San Francisco Department of Public Works workers clean up a tree that fell on a SF MUNI bus after a storm passed through the area on January 10, 2023 in San Francisco, California.
Photo: Justin Sullivan (Getty Images)

California has been slammed by storm after storm since late December, but it looks like the weeks of chaotic weather may finally be over soon.

Experts predict that the back-to-back storms may be ending this week. “We’re finally getting through the parade of storms,” said Michael Anderson, a state climatologist, according to NBC News. “We’re starting to see rivers work through final crests and begin receding.” In a Monday forecast, the National Weather Service said that the rain will likely end for the state this week. Los Angeles’ NWS account tweeted that this may be the “last hurrah of precipitation for a while.”

At latest 19 people have died as a result of the storms, the Los Angeles Times reports.

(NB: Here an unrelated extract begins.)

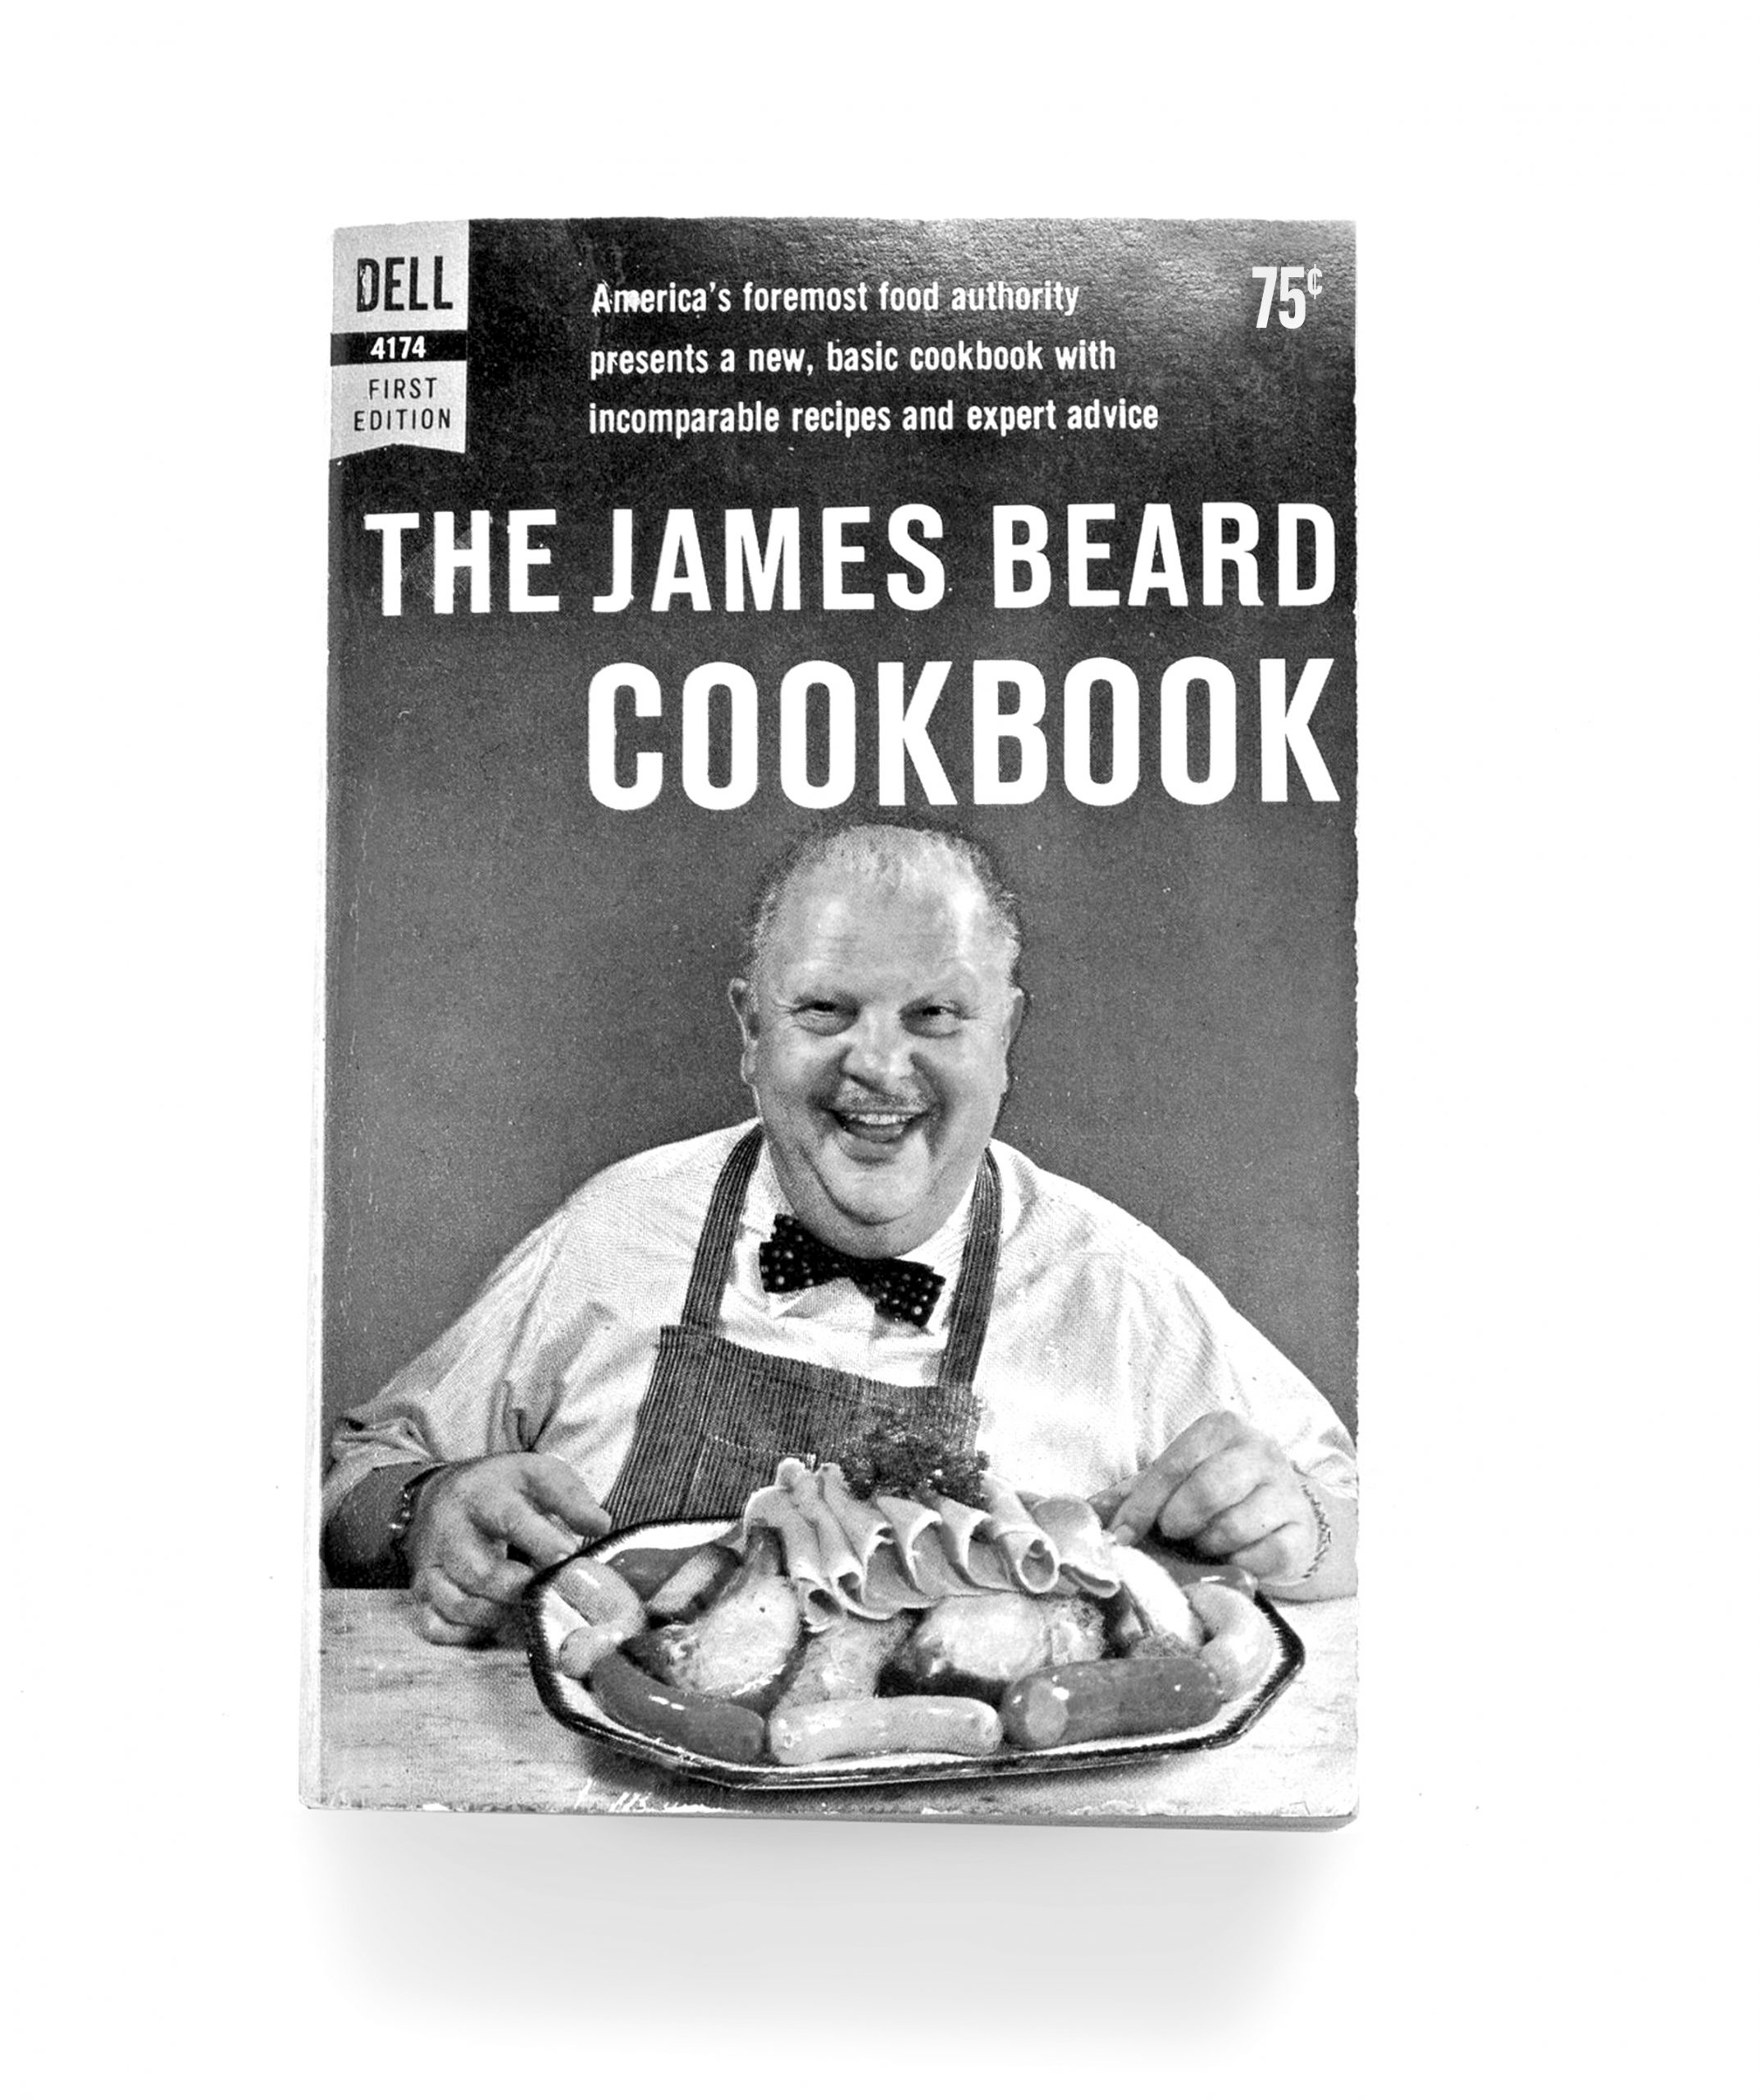 image for profile of James Beard

Many of these deaths were a result of the widespread flooding and fallen trees. Residents have seen other dangerous conditions occur after so many days of extreme rainfall. Earlier this month, a large sinkhole in Los Angeles swallowed a car, temporarily trapping two people inside. The mother and daughter were rescued by firefighters. Last week, the National Weather Service issued flood watches for more than 34 million out of the 39 million people living in California. The series of storms also caused power outages for tens of thousands. As of this writing, there are about 20,000 customers in the state without power, according to Power Outage.us.

The series of storms has brought rainfall totals that would have been hard to imagine in the drought-stricken state last year. Counties across California have seen totals at 400% to 600% above average since the storms started a few weeks ago, according to the National Weather Service. This week began with more impressive precipitation. Areas like Modesto and Stockton saw record rainfall for January 16 according to a tweet from Sacramento’s National Weather Service.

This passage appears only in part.